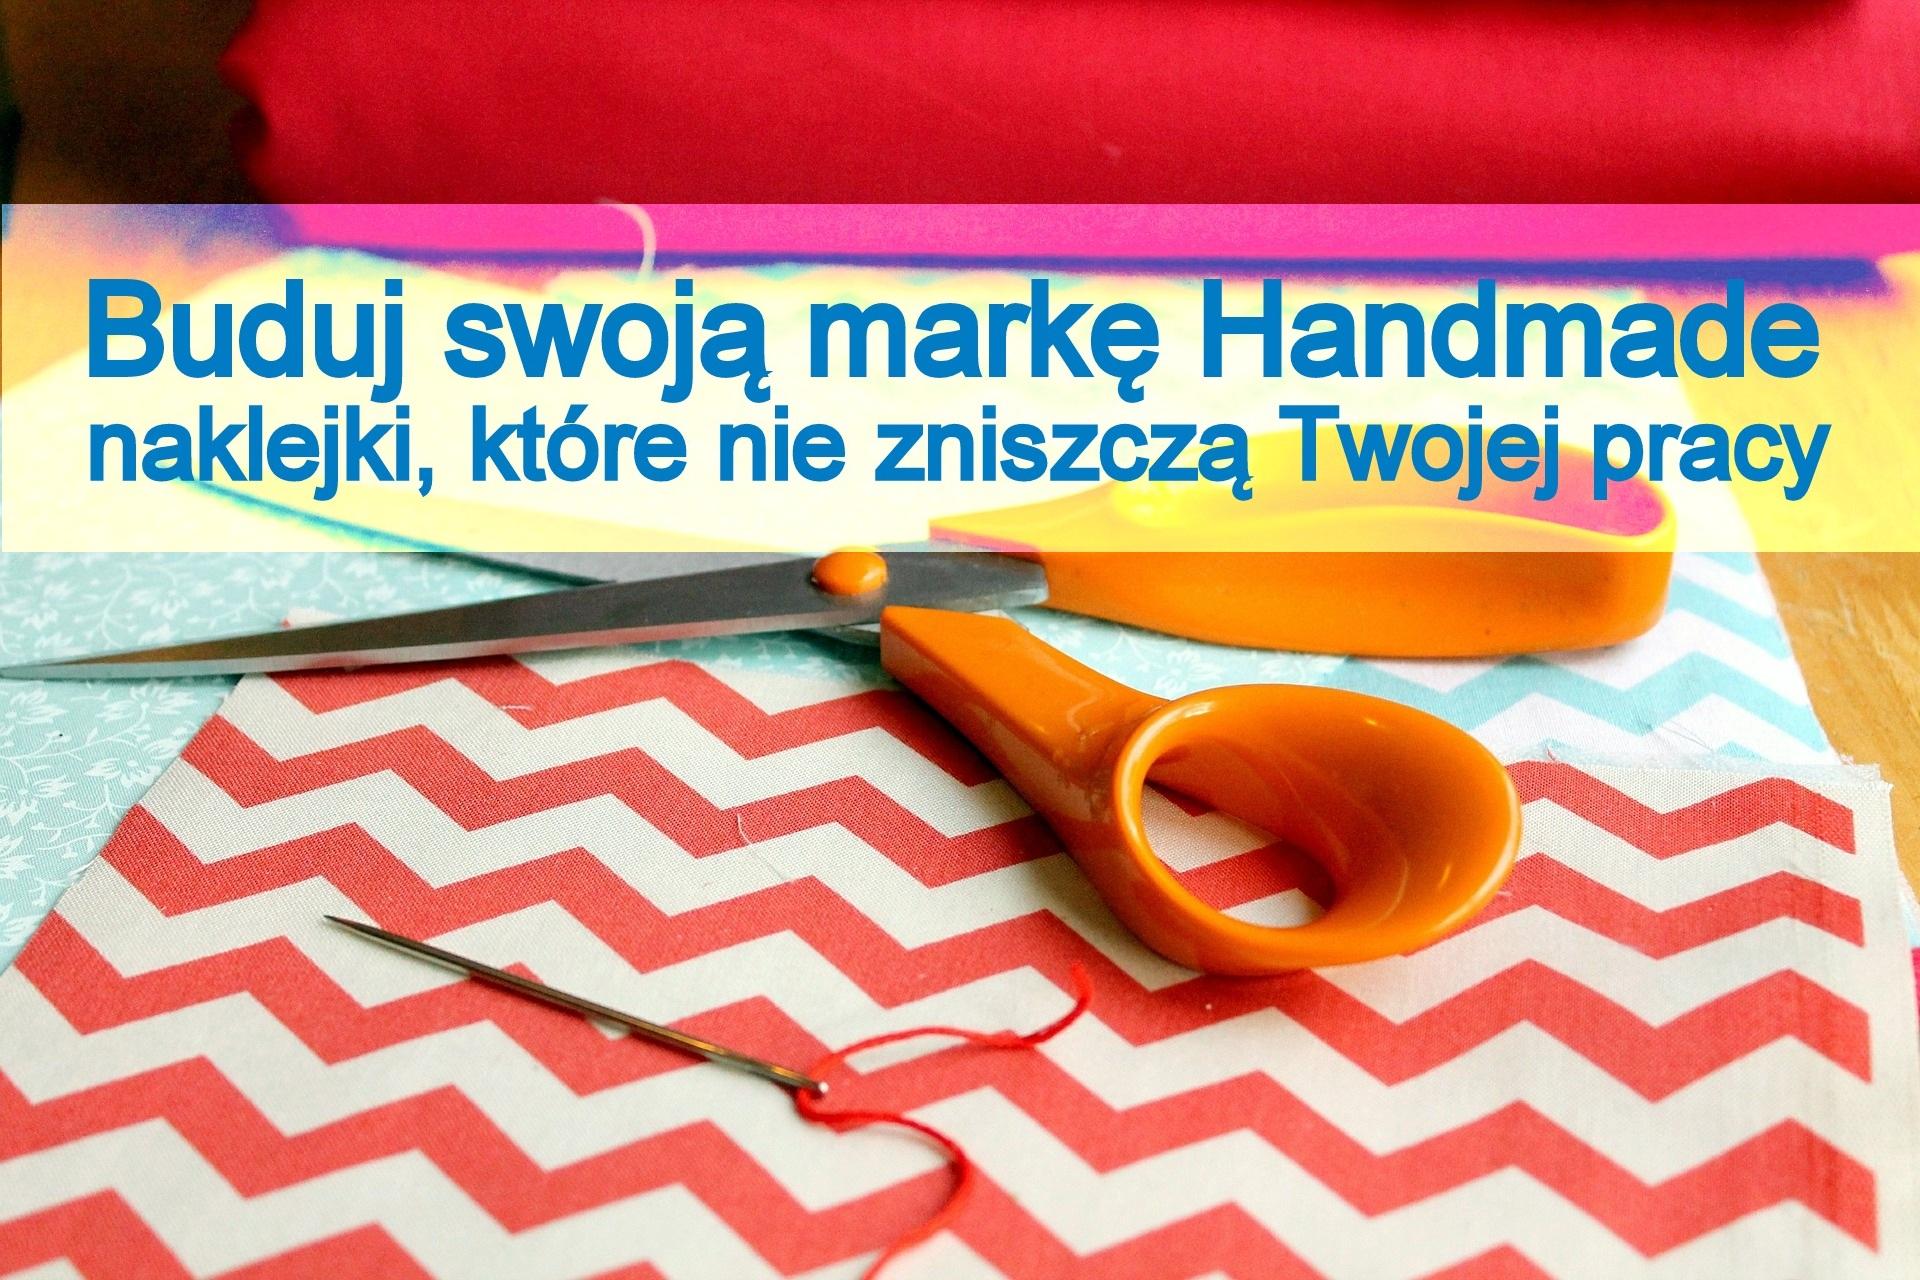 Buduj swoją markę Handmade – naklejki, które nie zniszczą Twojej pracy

────────

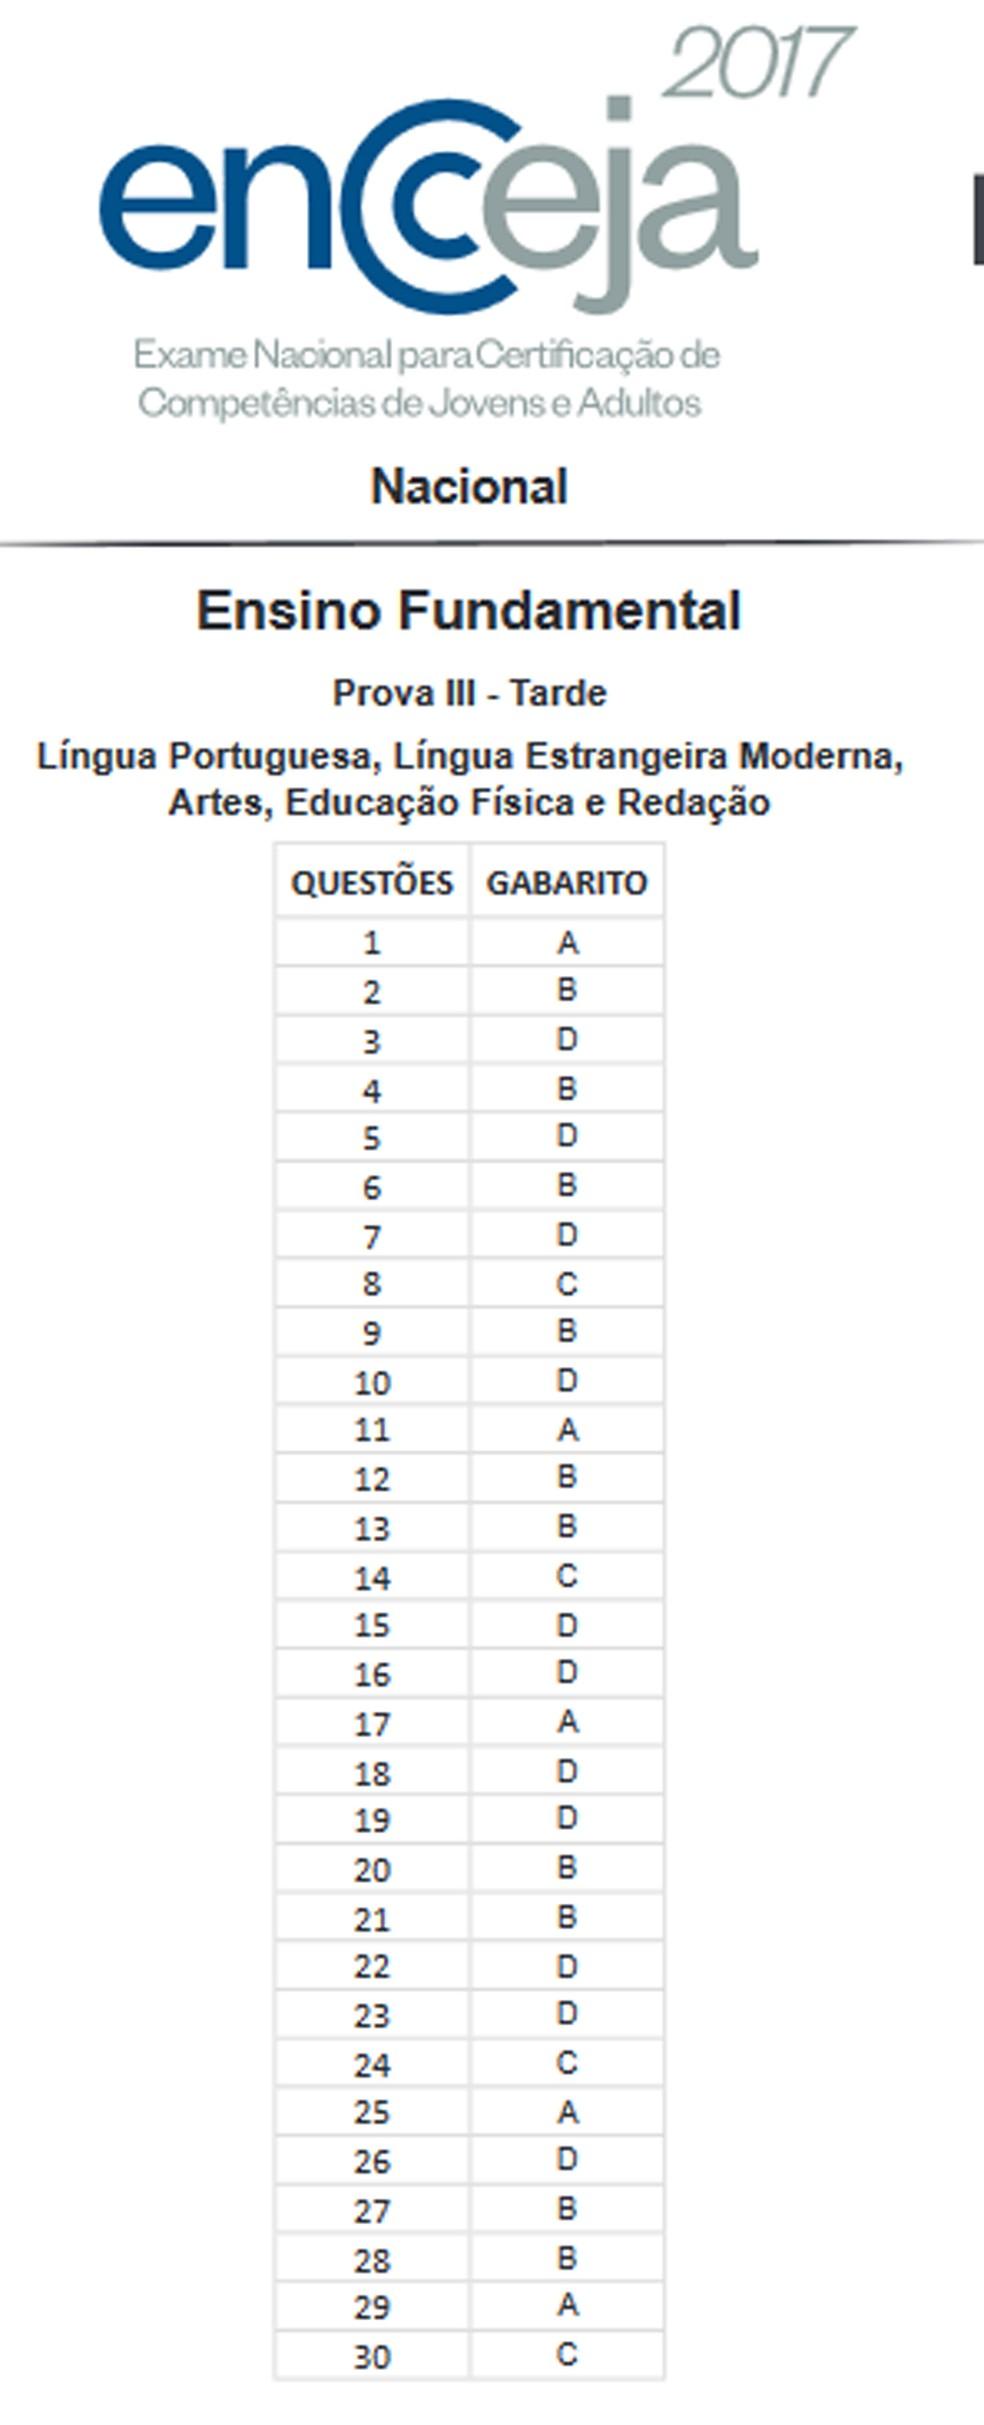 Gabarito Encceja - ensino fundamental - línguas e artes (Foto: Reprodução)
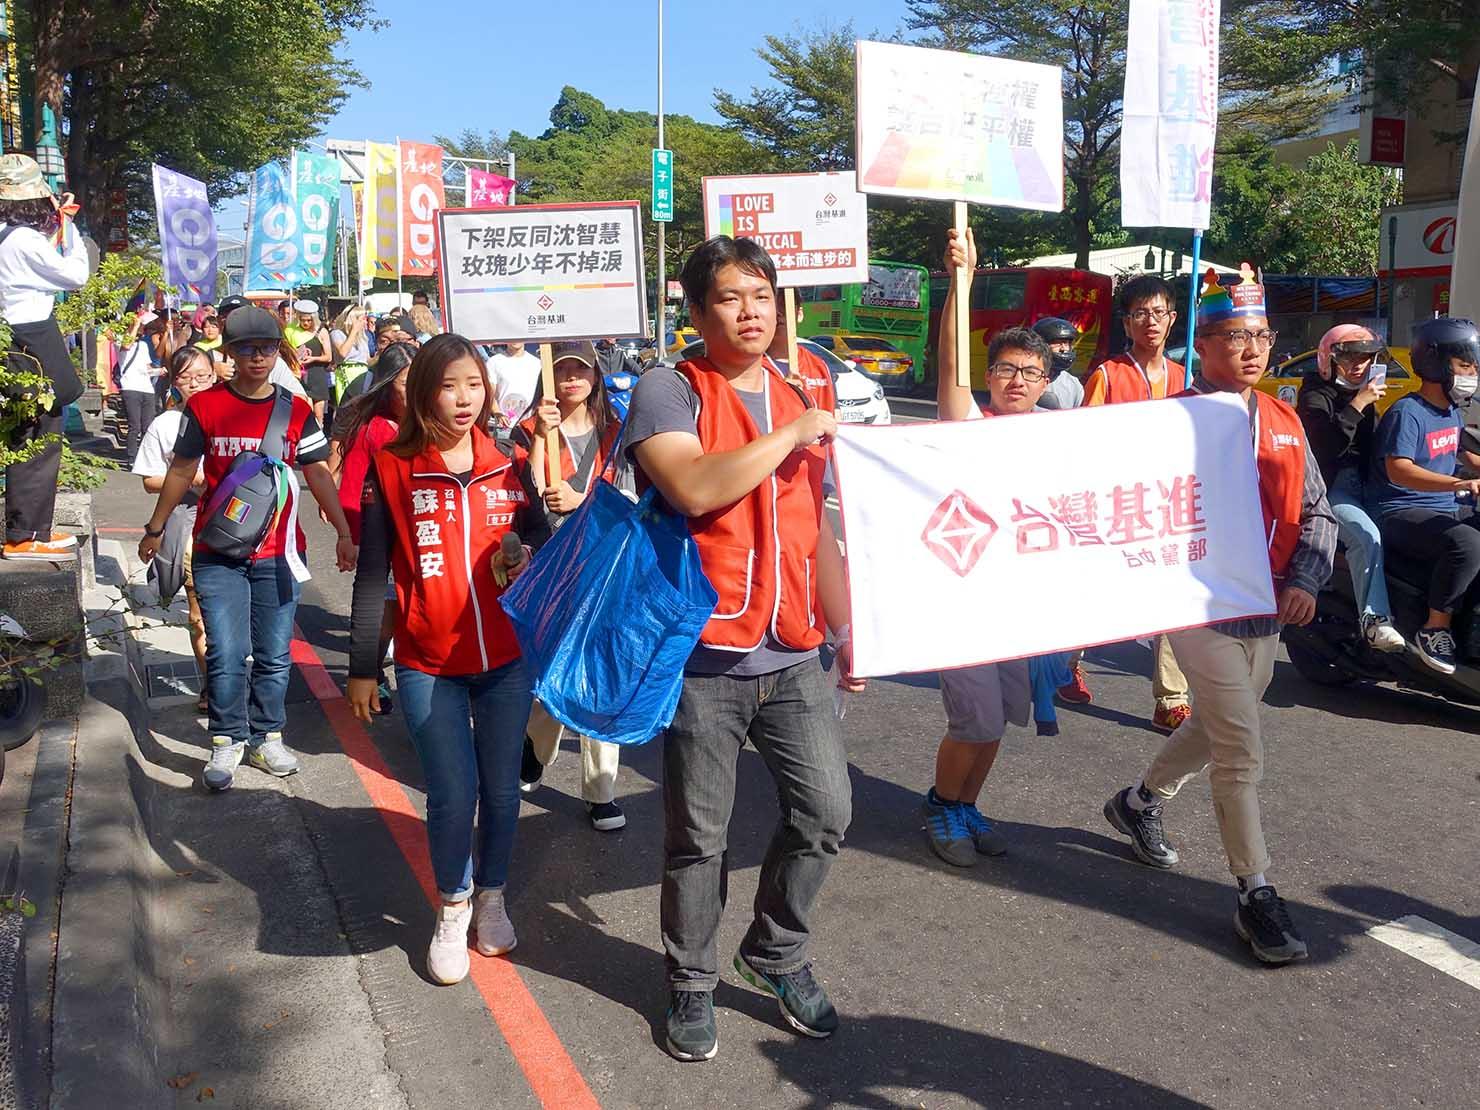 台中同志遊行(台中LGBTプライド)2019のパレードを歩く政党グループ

────────

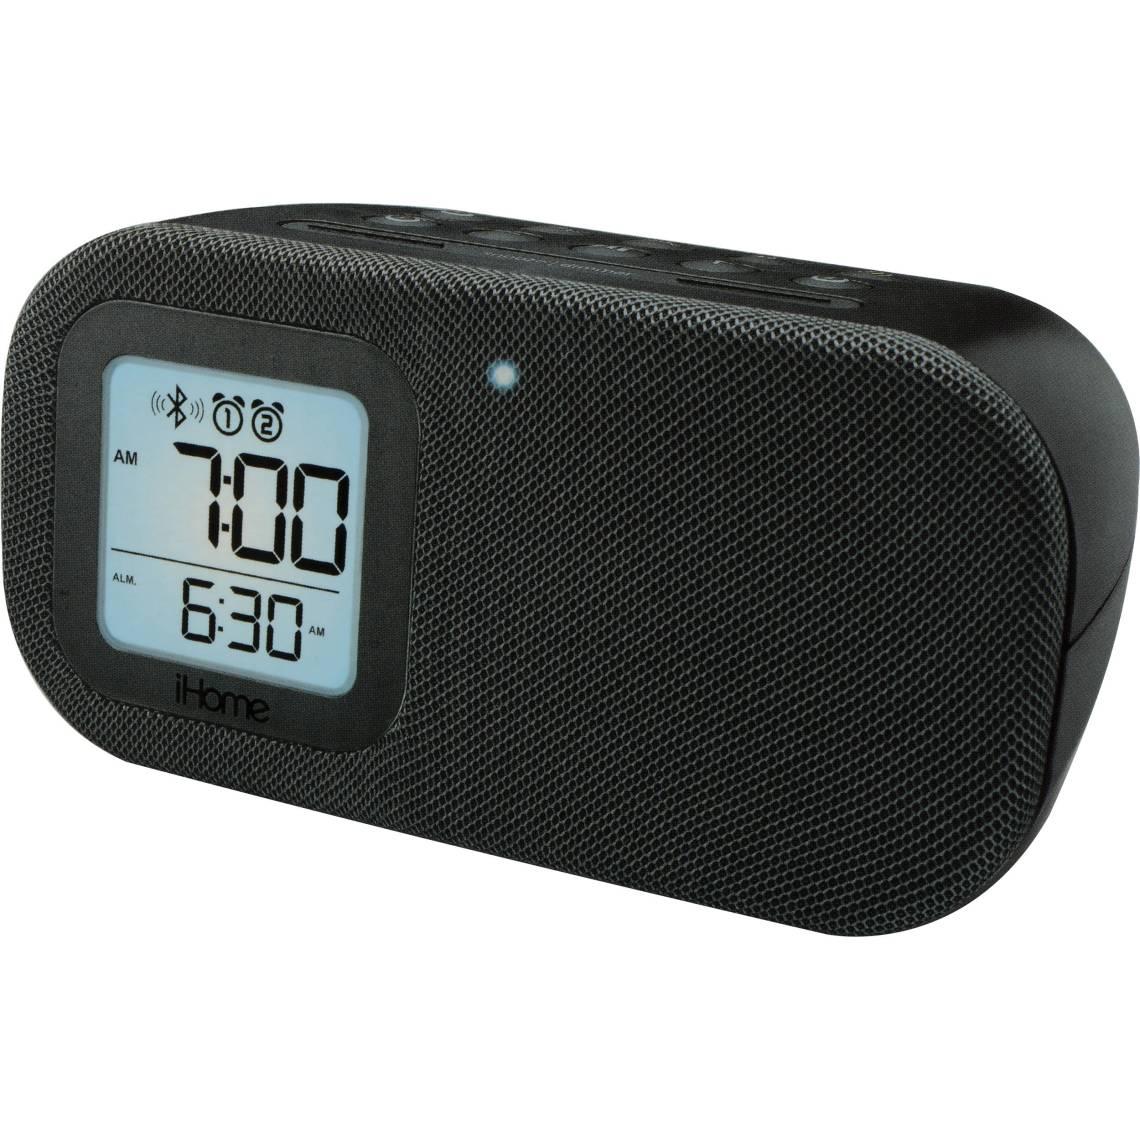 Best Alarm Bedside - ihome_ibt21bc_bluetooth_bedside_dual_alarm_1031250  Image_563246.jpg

────────

Exercise prompt = Start at the line containing "Gabarito Encceja - ensino" above and stop at the line containing "台中同志遊行(台中LGBTプライド)2019のパレードを歩く政党グループ". Output those lines exactly, both included, but none of the pictures.

Solution for this exercise =
 Gabarito Encceja - ensino fundamental - línguas e artes (Foto: Reprodução)
 台中同志遊行(台中LGBTプライド)2019のパレードを歩く政党グループ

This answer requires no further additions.